LA MUERTE DEL PINFLÓI
Juan
Ramón Santos
Tenerife, Ed. Baile del Sol, 2022, 194 págs.
Licenciado
en Derecho y en Ciencias Políticas, Juan Ramón Santos (Plasencia, 1975) trabaja como gestor cultural en su ciudad,
donde coordina con Nicanor Gil el Aula de Literatura "José Antonio Gabriel
y Galán". Entre 2015 y 2019 fue presidente de la Asociación de Escritores Extremeños. Es autor de los libros Cortometrajes
y Cuaderno escolar, con los quedó
finalista del Premio Setenil al mejor libro de relatos publicado en España en
sus ediciones de 2005 y 2009, así como de El
círculo de Viena, Palabras menores
y Perder el tiempo, también de
cuentos.

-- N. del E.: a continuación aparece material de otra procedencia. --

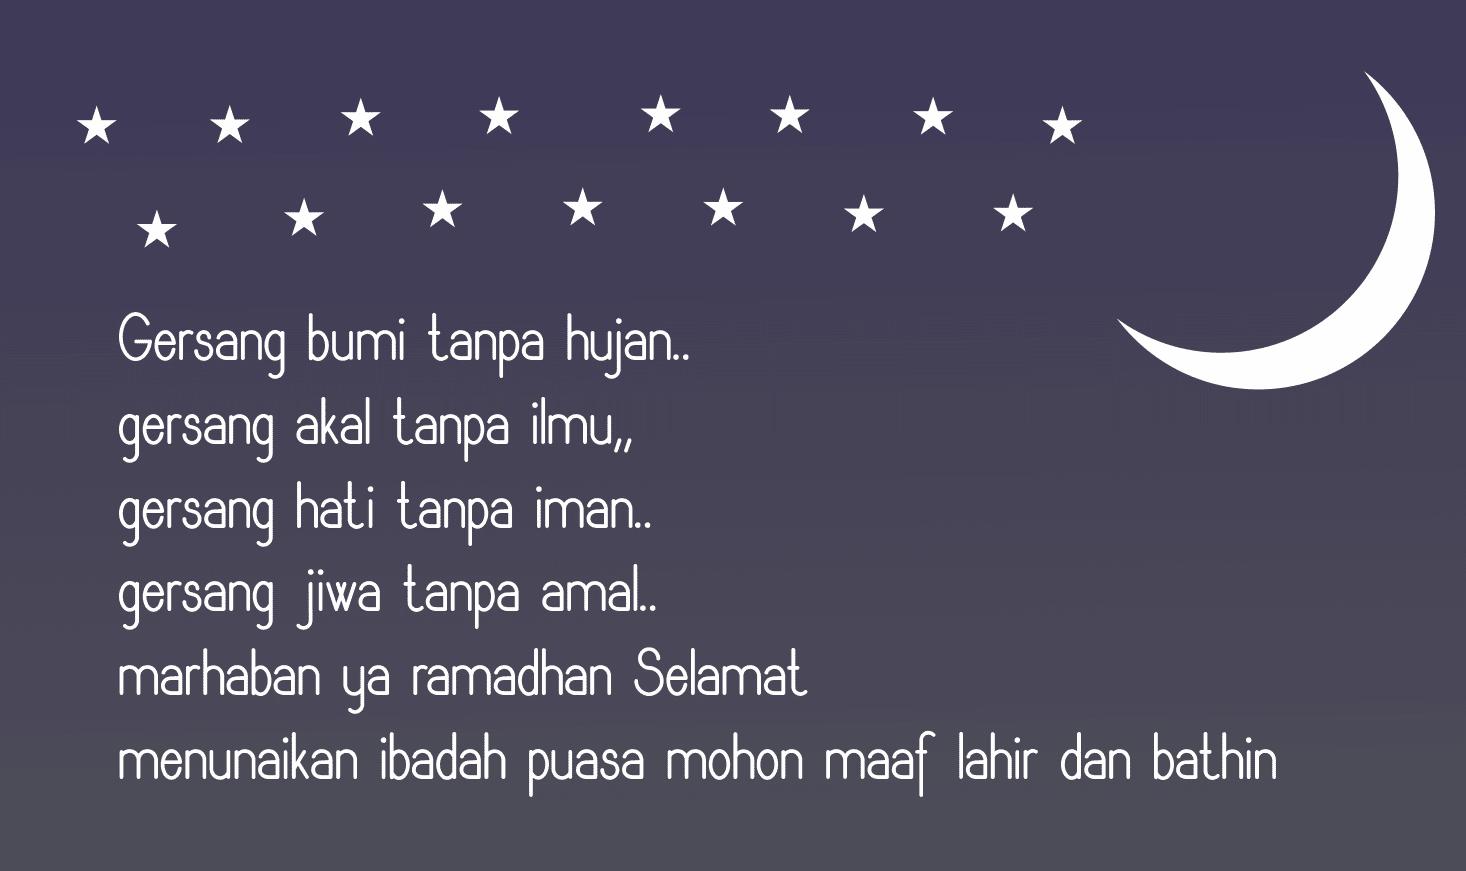 Kalimat Mutiara Ucapan Maaf Menjelang Puasa Ramadhan
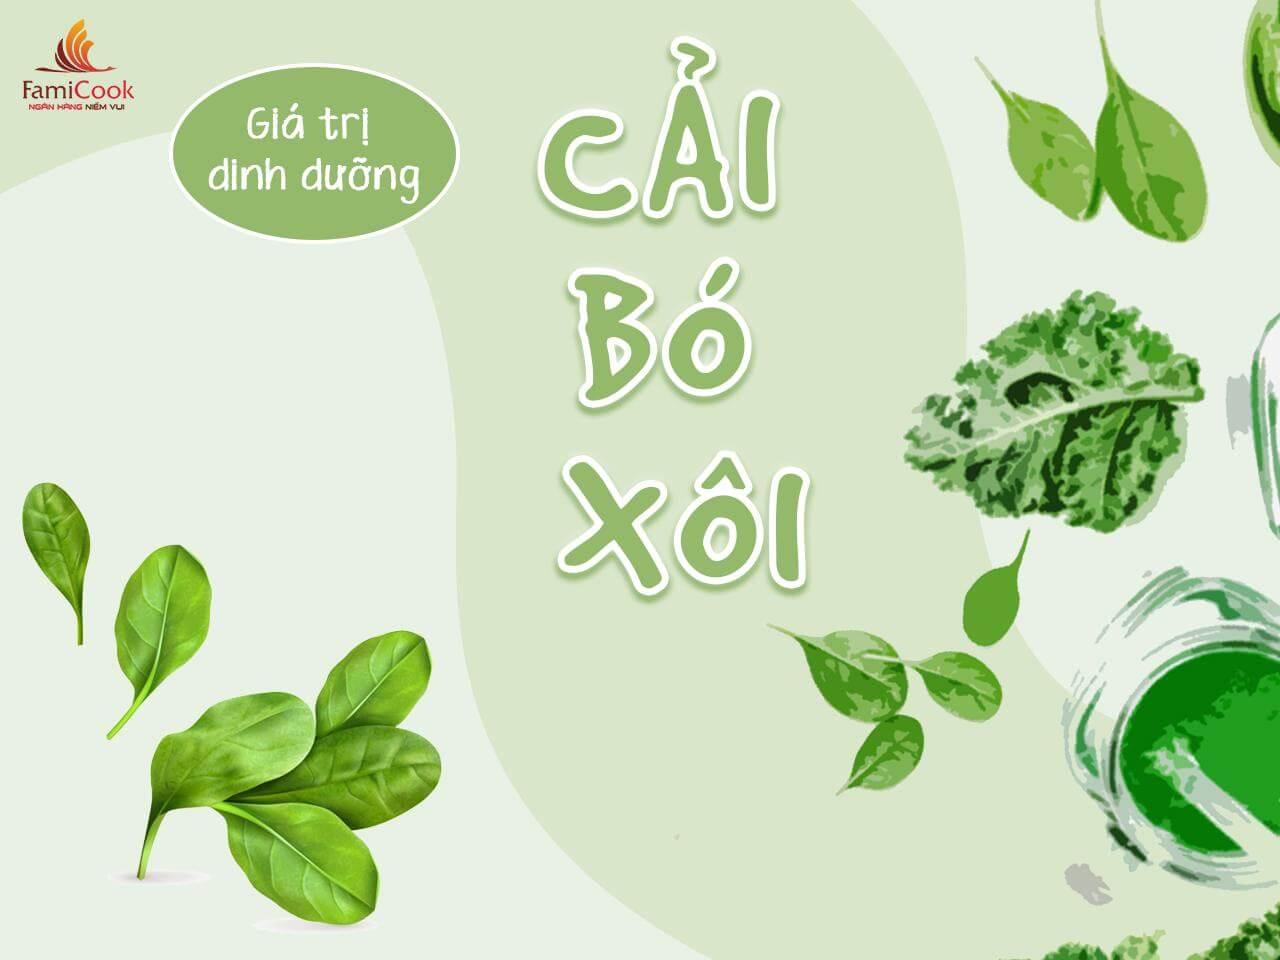 lợi ích sức khỏe của rau cải bó xôi

Ha publicado, además, las novelas Biblia
apócrifa de Aracia, El tesoro de la Isla, El verano del Endocrino
(con la que, bajo el título de Fuera de
órbita, quedó finalista del Premio Nadal en 2018), y El síndrome de Diógenes, Premio Felipe Trigo en la modalidad de
narración corta en 2019, así como dos libros de poemas, Cicerone y Aire de familia.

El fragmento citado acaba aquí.